In this study, 32 plastomes were used to determine the phylogenetic relationships among Korean endemic Saussurea. As a result, the higher resolution phylogenetic tree showed that Saussurea based on the current sampling is not monophyletic (Fig. 5). Of the seven endemic species, S. diamantica diverged first. The morphologically similar S. albifolia and S. seoulensis did not form a sister relationship; S. albifolia formed a sister with the group including S. odontolepis, S. bullockii, S. tianshuiensis, and S. chabyoungsanica. Limestone endemic, S. calcicola, shared its common ancestor with the group consisting of S. brachycephala, S. amurensis, S. polylepis, S. grandicapitula, S. seoulensis. S. kuschakewiczii, S. leucophylla, S. tomentosa, S. komaroviana, and S. subtriangulata. However, relatively low bootstrap values hindered us to determine precisely their phylogenetic relationships. Also, S. chabyoungsanica, which is narrow limestone endemic to central Korea, is sister to S. tianshuiensis, which occurs narrowly in high montane meadows (1800–2500 m) in three provinces of northwestern China (i.e., SE Gansu, Shaanxi, and Ningxia).
The molecular age estimation suggested that endemic Korean Saussurea originated in the late Miocene (Tortonian), with the estimated crown age of approximately 9 million years ago (95% HPD, 3.03–18.8 million years ago, MYA) (Fig. 6). The clade containing all but S. diamantica, which has unusual mitochondrial DNA sequences insertion, was estimated to be 6.18 MYA (95% HPD, 2.14–13.28 MYA). Two major lineages of the Korean endemics, i.e., S. albifolia–S. chabyoungsanica and S. calcicola–S. seoulensis–S. polylepis–S. grandicapitula, appear to be speciated even more recently, during the Pleistocene.
Accumulation of plastome data from various land plants has improved our understanding of plant evolution. In general, the plastome has a highly conserved structure; a single circular DNA molecule is composed of a large single copy, a small single copy, and two copies of inverted repeats.
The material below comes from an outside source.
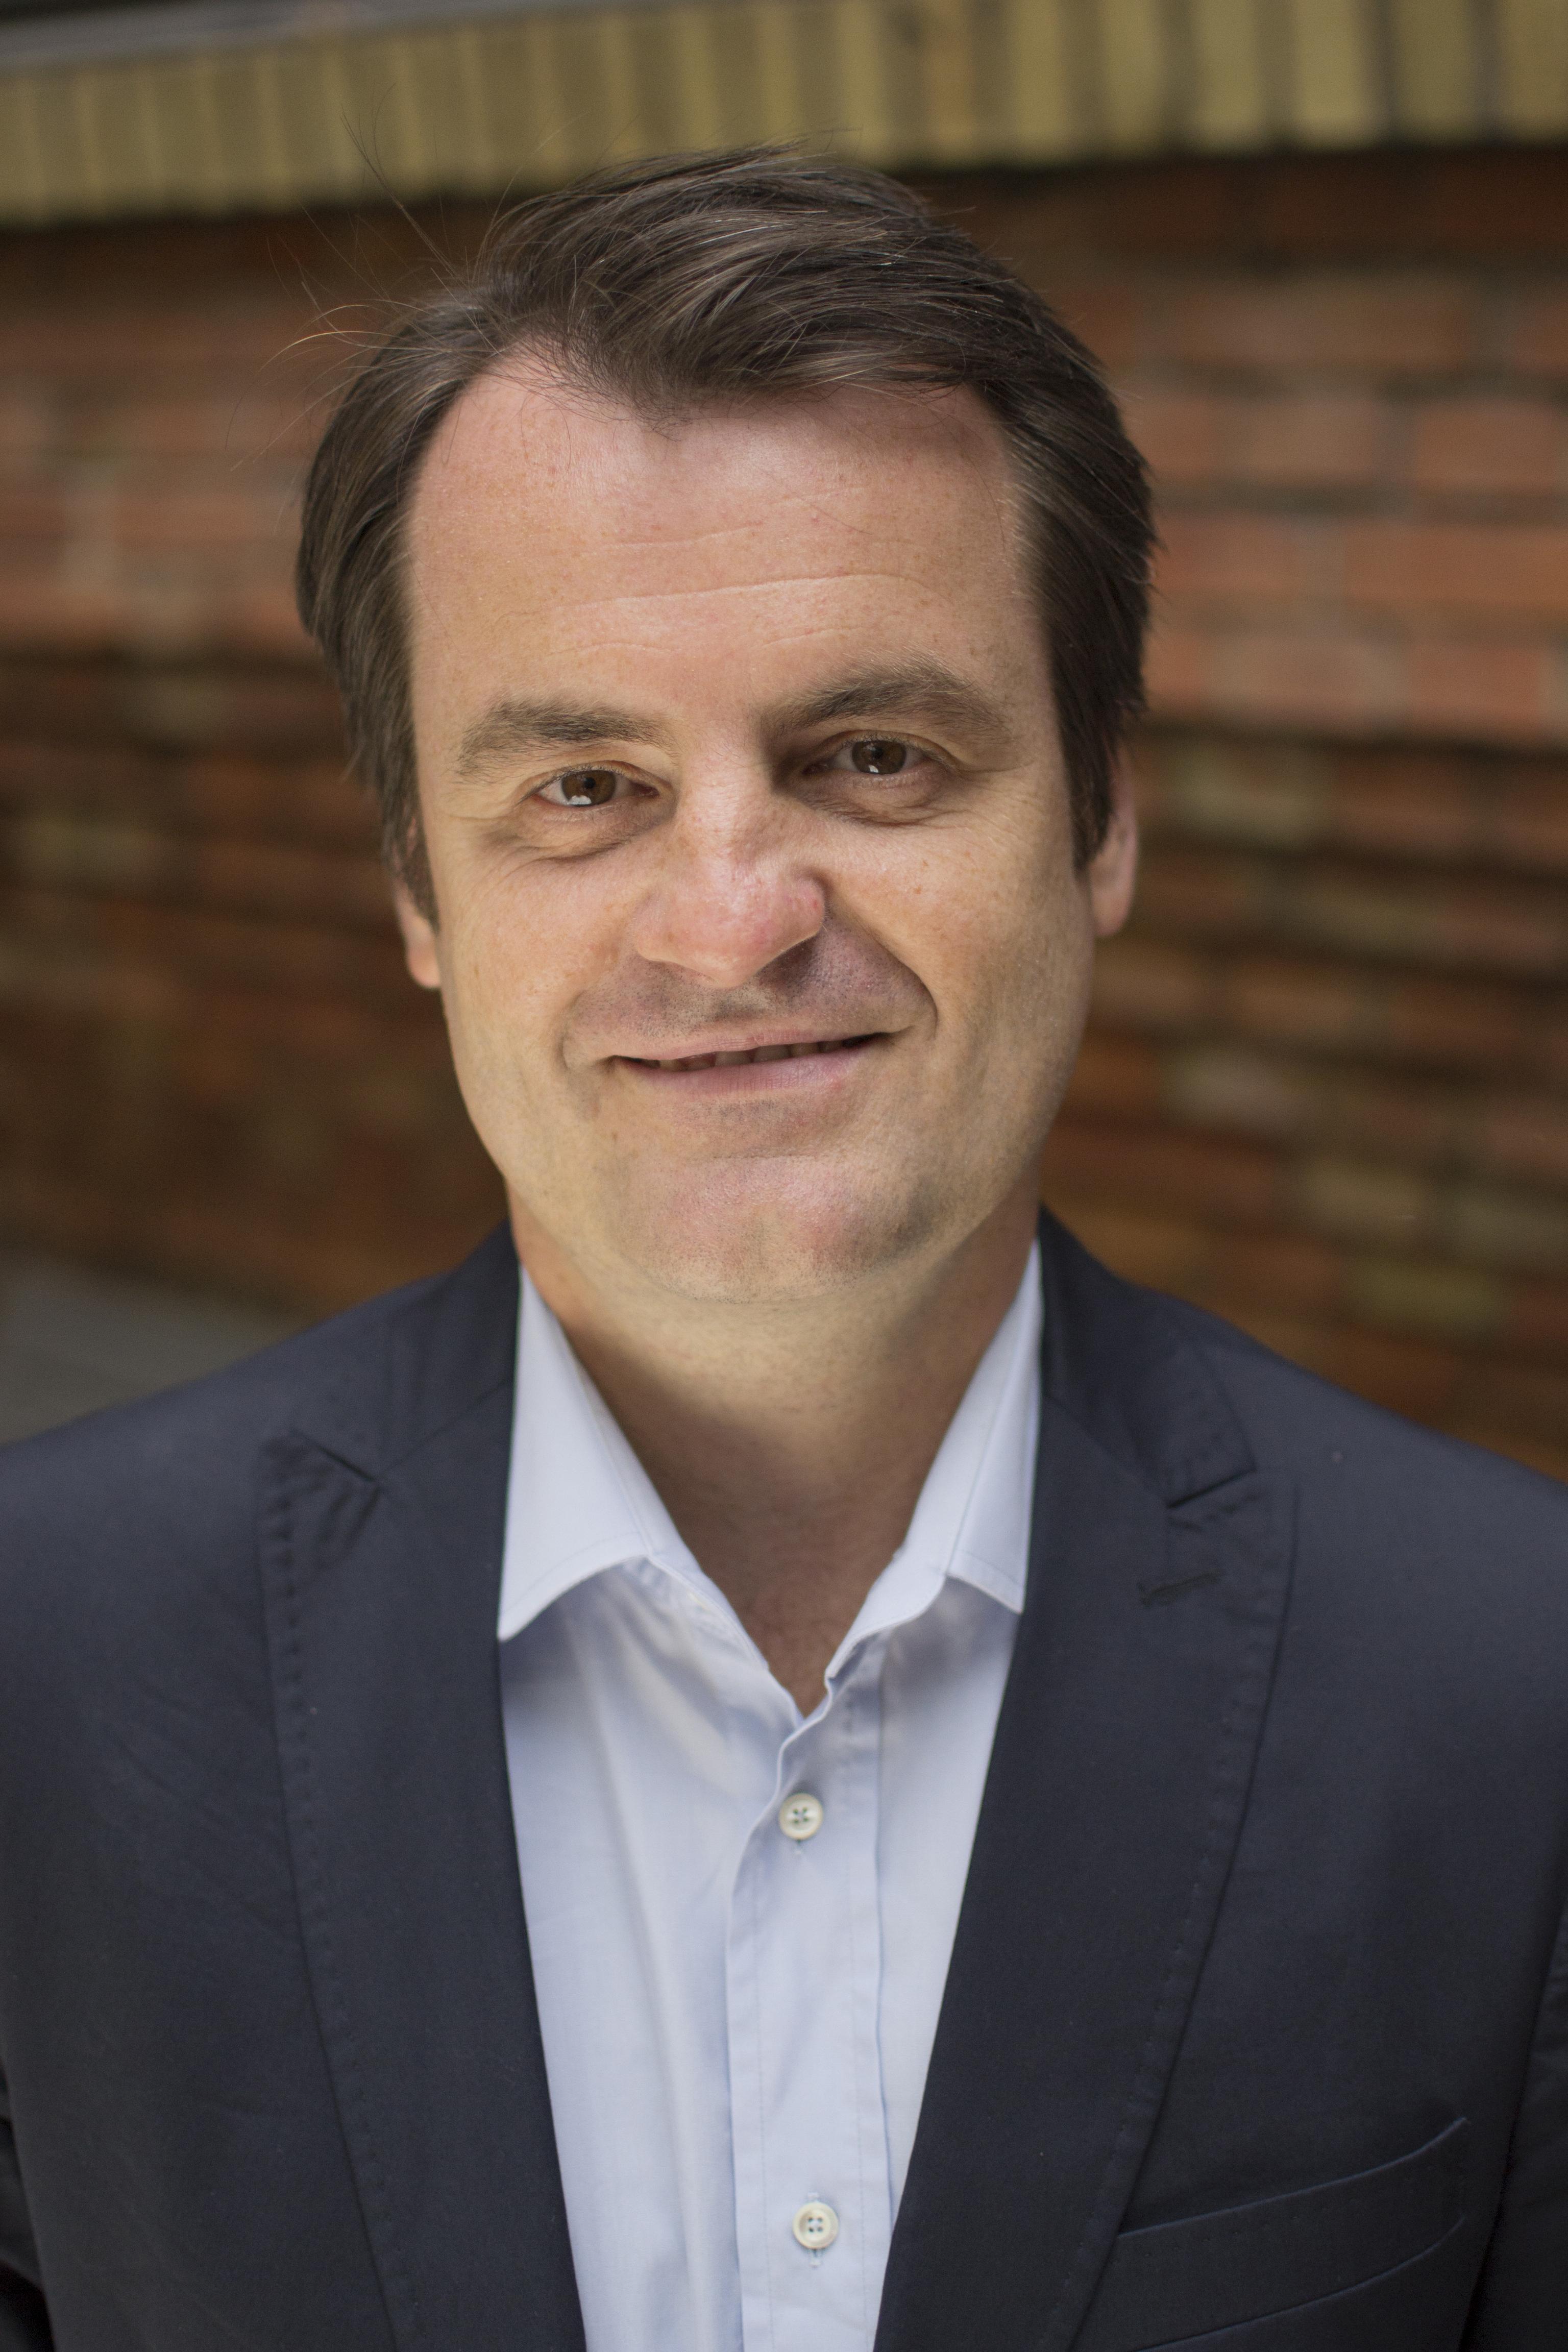 Christian Lüdtke

However, structural rearrangements, gene loss, IR expansion and contraction, inversion, and gene transfer occur in certain species or lineages [27]. In this study, we sequenced the complete plastomes of five Korean endemic Saussurea species and are compared their characteristics including two previous sequenced endemic species, S. chabyougnsanica and S. polylepis. Like other angiosperms, they have a quadripartite structure and are highly conserved in gene order, gene content, and gene number. The expansion and contraction of the IR regions have been affected by length variation in plastomes [28–29]. In addition, smaller expansions and contractions of the IR regions are a common phenomenon in angiosperms [30–31]. The IR lengths between the seven endemic species are slightly different due to insertions and deletions in ycf2 and intergenic spaces of ycf2-trnL-CAA, trnL-CAA-ndhB, ycf15-trnV-GAC, and trnR-ACG-trnN-GUU. In particular, insertion or deletion in ycf2 sequences is well reported in a previous study [32]. Many insertions and deletions can be shared by certain groups (e.g., Brassicales, Saxifragales). Moreover, multiple insertions and deletions that are highly conserved in ycf2 can be observed to be shared by more distantly related taxa [32]. The distribution of those insertions and deletions may relate to multiple evolutionary histories, such as differential gene losses and horizontal gene transfer. Concerning that there are differently shared patterns of insertions and deletions as well as SNPs among Korean endemic species, it can support those Korean endemics are originated from multiple lineages.
Interestingly, we found that S. diamantica has mitochondrial DNA sequences including two tRNAs in SSC region. DNA transfer between nuclear and organellar (plastid and mitochondria) genomes has been reported in several taxa. Most prominent transfer is from organellar genomes into the nuclear genomes [33, 34]. Also, there are previous studies reporting gene transfer between organelle genomes [23, 25, 35]. In particular, the transfer of mitochondrial DNA sequences to plastomes has been reported in the families Apiaceae, Apocynaceae, and Poaceae [23–25]. However, the evidence of DNA transfer between organellar genomes have been not reported in Asteraceae. In this study, our result of BLAST search demonstrated that the inserted sequences were highly matched to Chrysanthemum, Diplostephium, Lactuca, Helianthus, and Paraprenanthes mitochondrial DNA sequences, but this does not mean the continuous consistency of the whole 20,550bp on the mitochondrial genome. Even though it is difficult to reveal whether the exact mechanism is the result of deletion after insertion of long DNA sequences or the result of multiple transfers. The insertion of mitochondrial DNA into the plastome is not common at the species level, so these conclusions require verification through the further studies. Information on the mitochondrial genome in Saussurea will improve understanding of the insertion event and genome evolution overall.
The Pi values can provide useful information for marker development for phylogenetic analysis and DNA barcoding. The effectiveness of newly developed markers based on nucleotide diversity values has been verified through the discrimination of closely related species [36, 37]. In seven Korean species, Pi ranged from 0 to 0.0053 (Fig. 2), indicating high similarity of sequences among seven Saussurea species. These low values were reported in Sonchus (Asteraceae) ranged from 0 to 0.006 [38] and Meconopsis (Papaveraceae) ranged from 0 to 0.007 [39]. The high similarity might be related to the recent speciation.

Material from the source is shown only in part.